TASK ::
Leave out the pictures, and retype only the lines from the beginning of the material through the line that contains "Машины падают в", including both.

THE DATA ::
<<<<

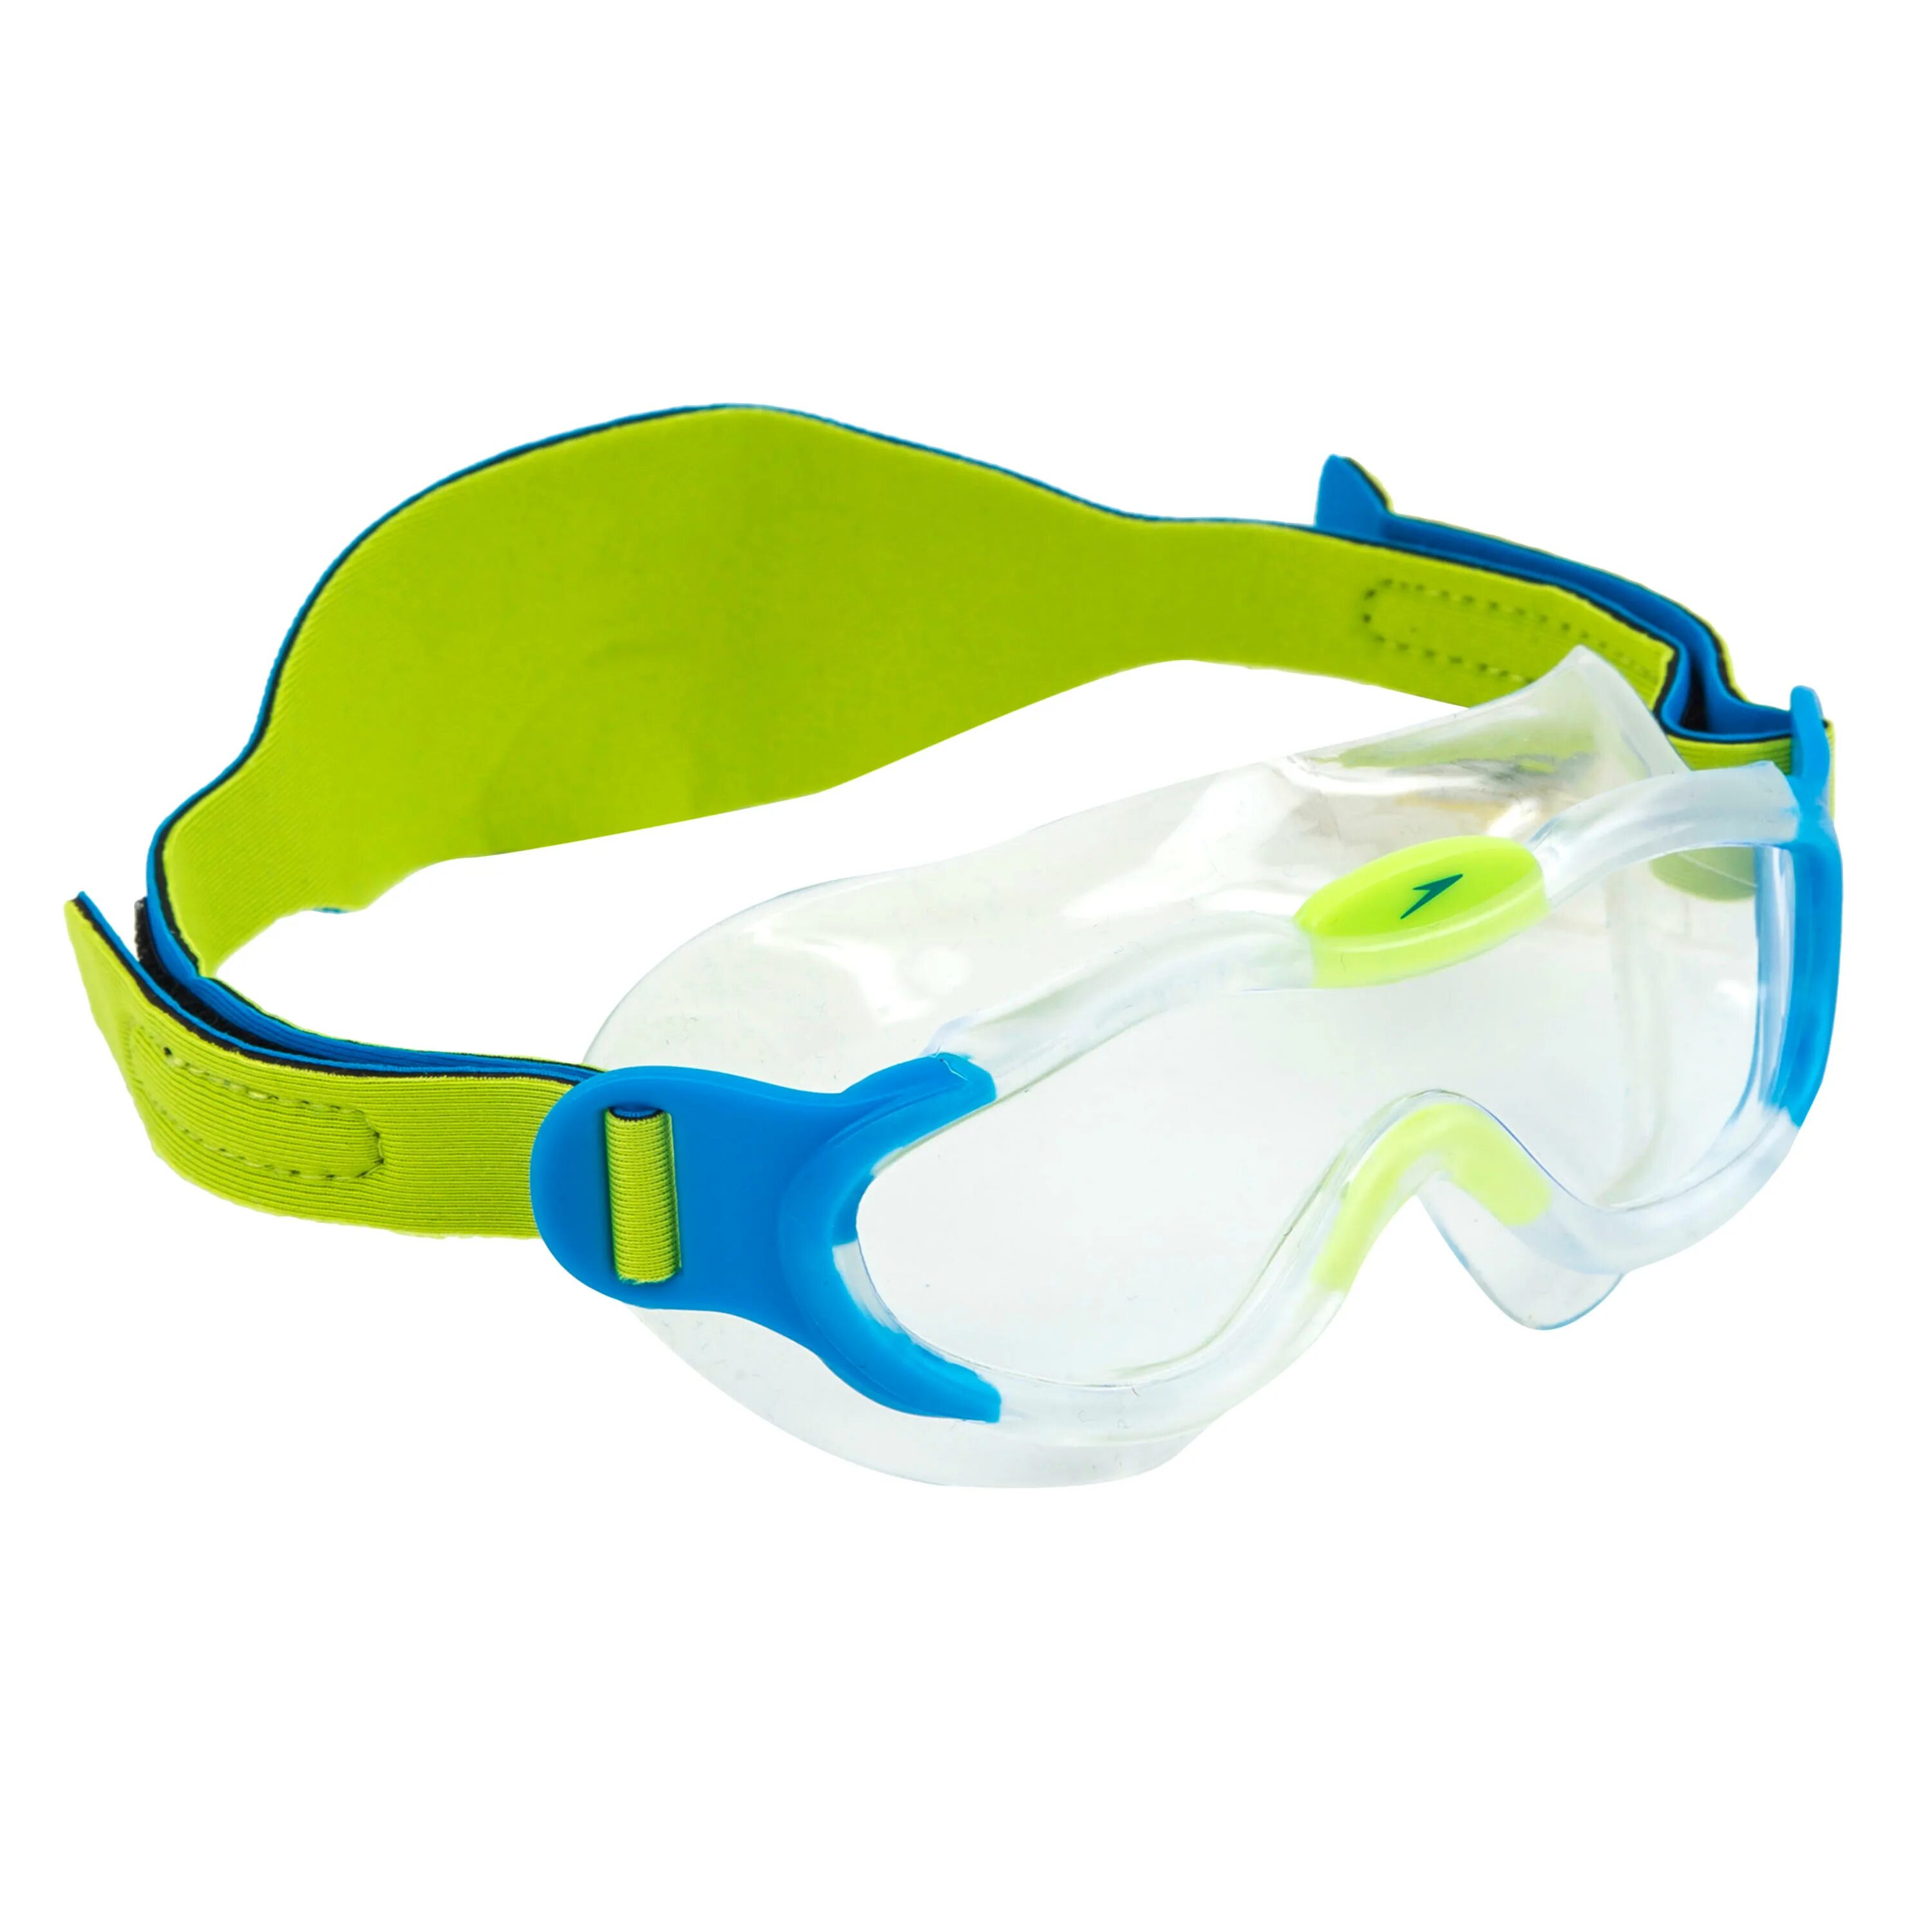 Лучшие маски для плавания. Speedo маска для плавания детская. Speedo маска для плавания взрослая. Маска для плавания Декатлон.
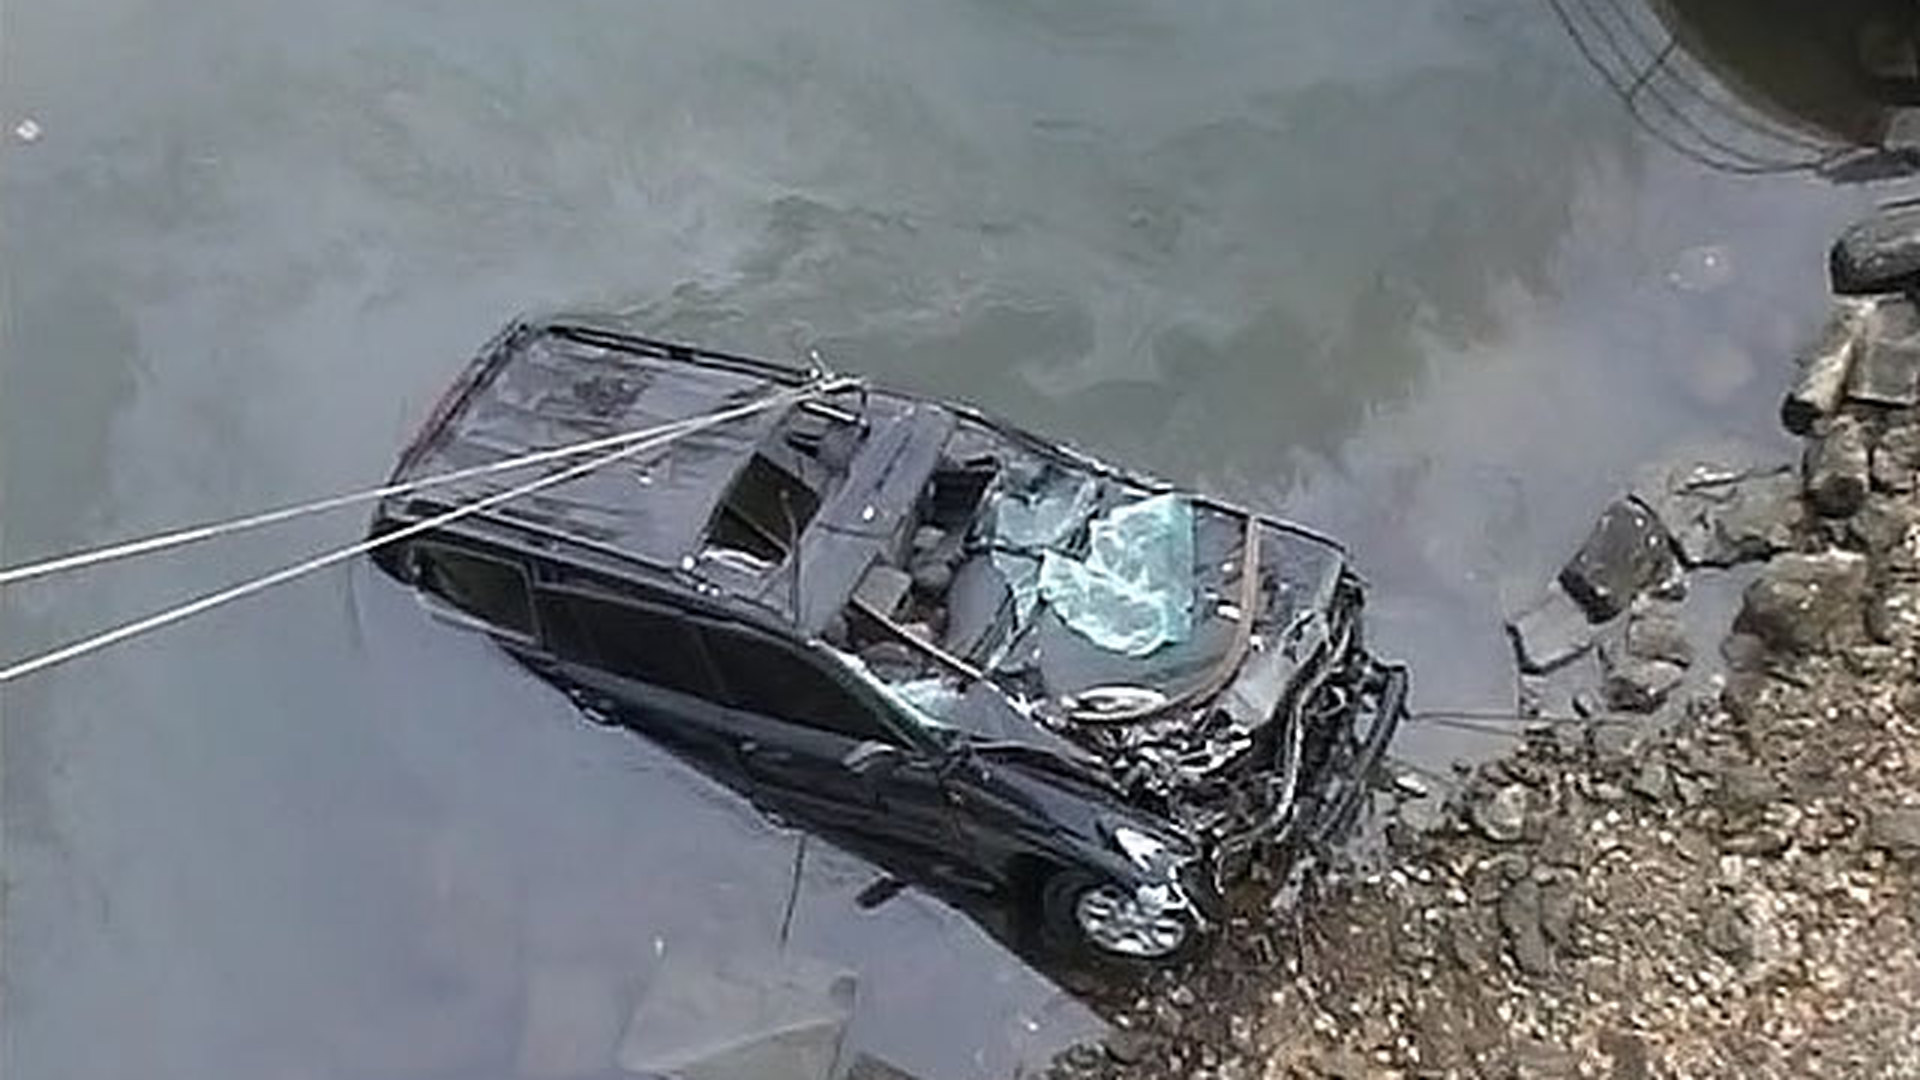 Машины падают в воду. Машина упала в воду. Машина упала в речку. Автомобиль попал в воду.
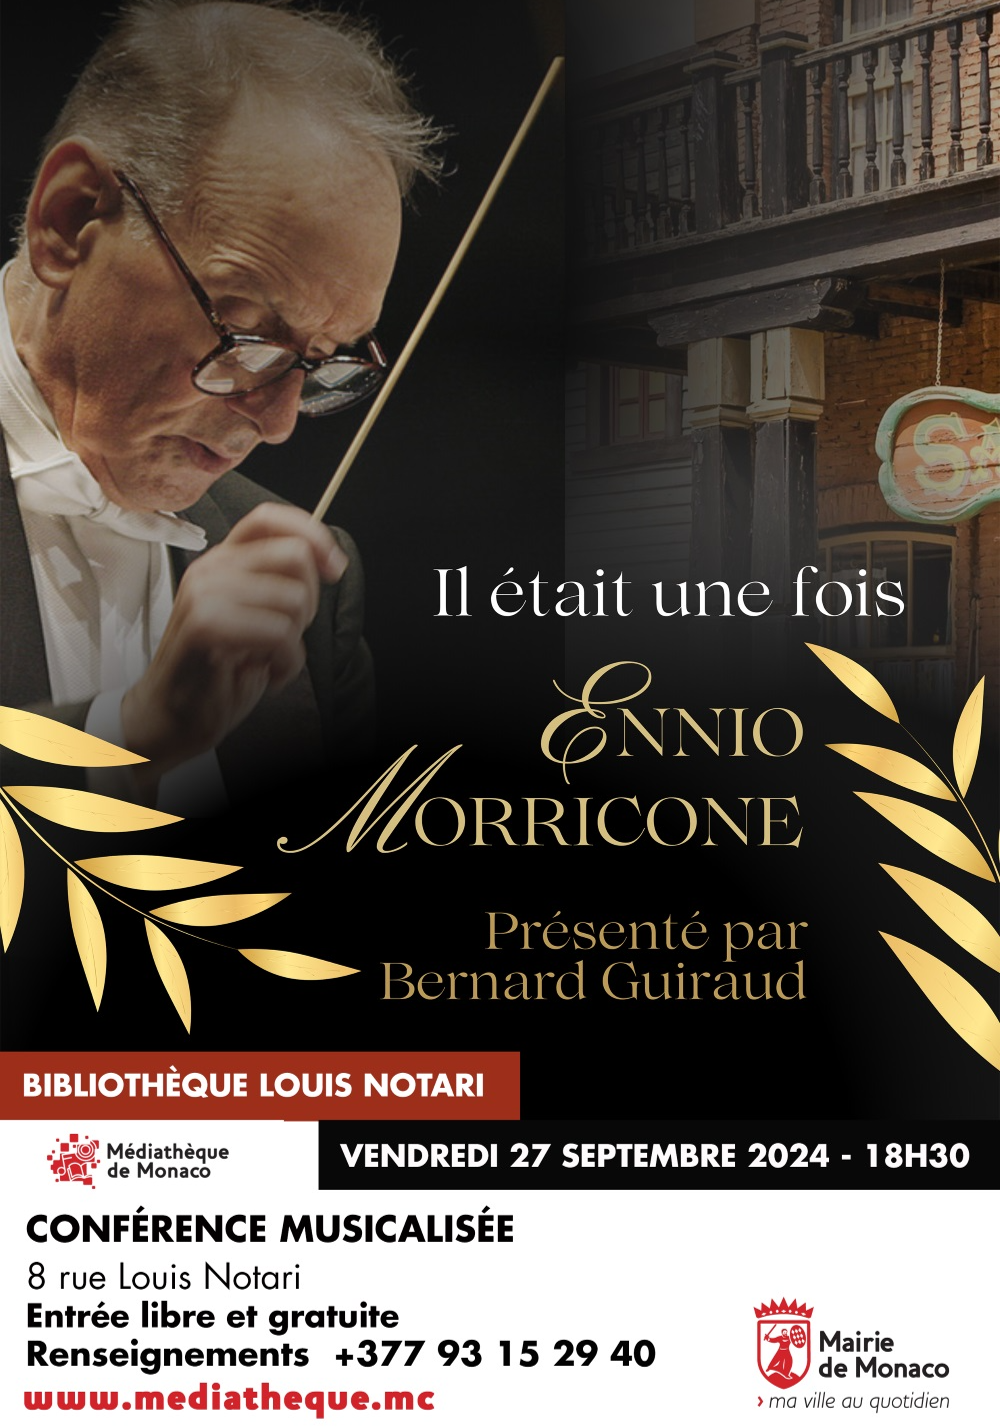 Affiche de l'événement "Il était une fois Ennio Morricone" présenté par Bernard Guiraud
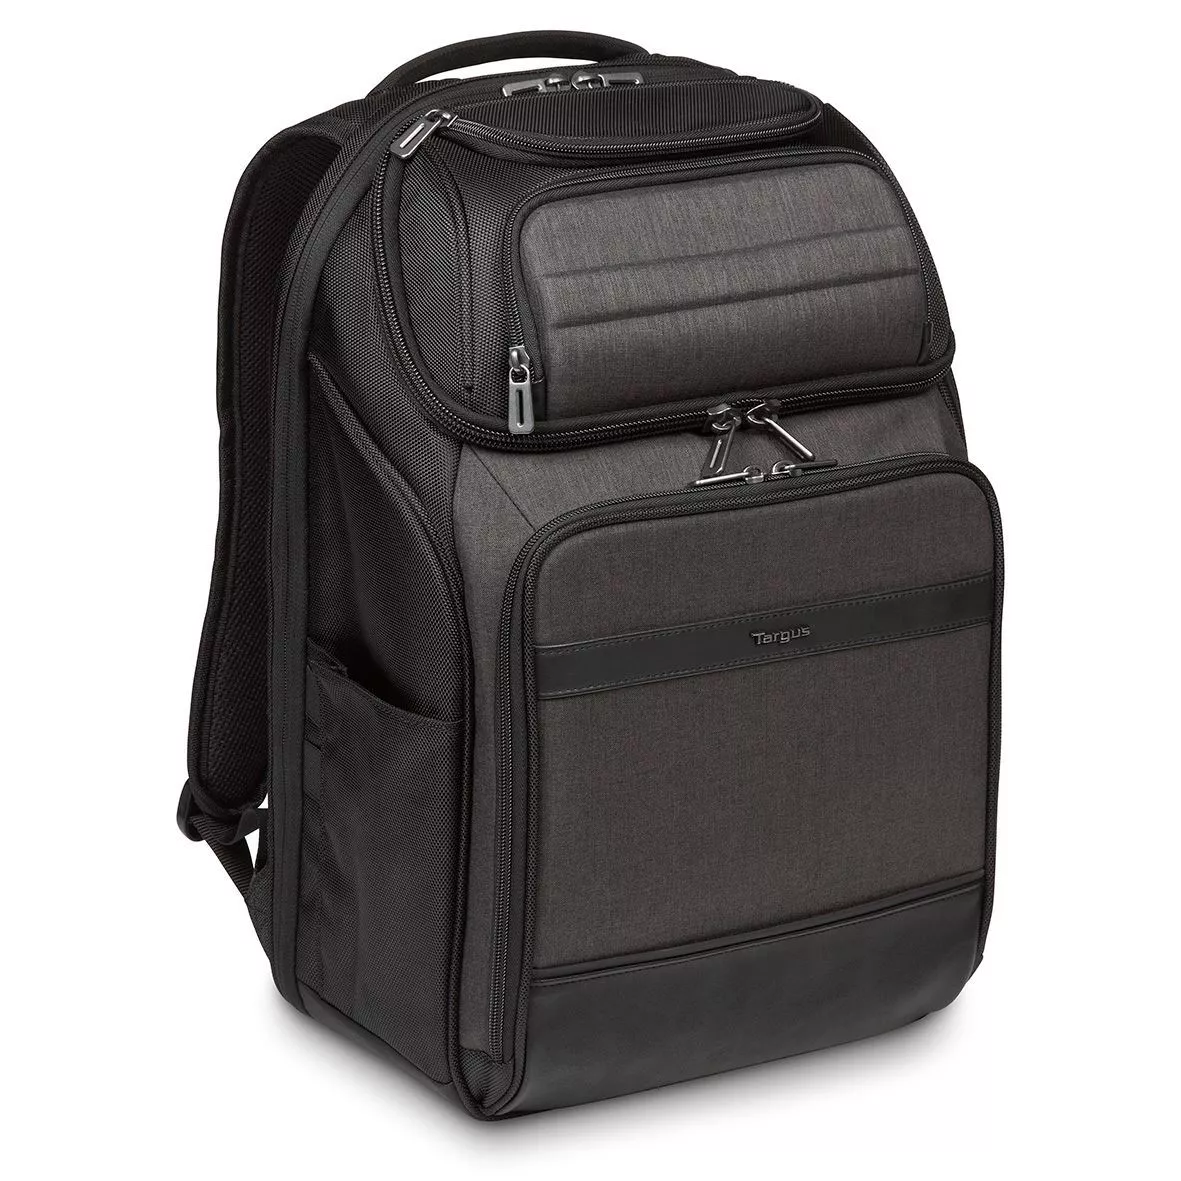 Achat TARGUS CitySmart Professional 15.6inch Laptop Backpack au meilleur prix

>>>>

ANSWER FOR THIS EXERCISE ::
 Лучшие маски для плавания. Speedo маска для плавания детская. Speedo маска для плавания взрослая. Маска для плавания Декатлон.
 Машины падают в воду. Машина упала в воду. Машина упала в речку. Автомобиль попал в воду.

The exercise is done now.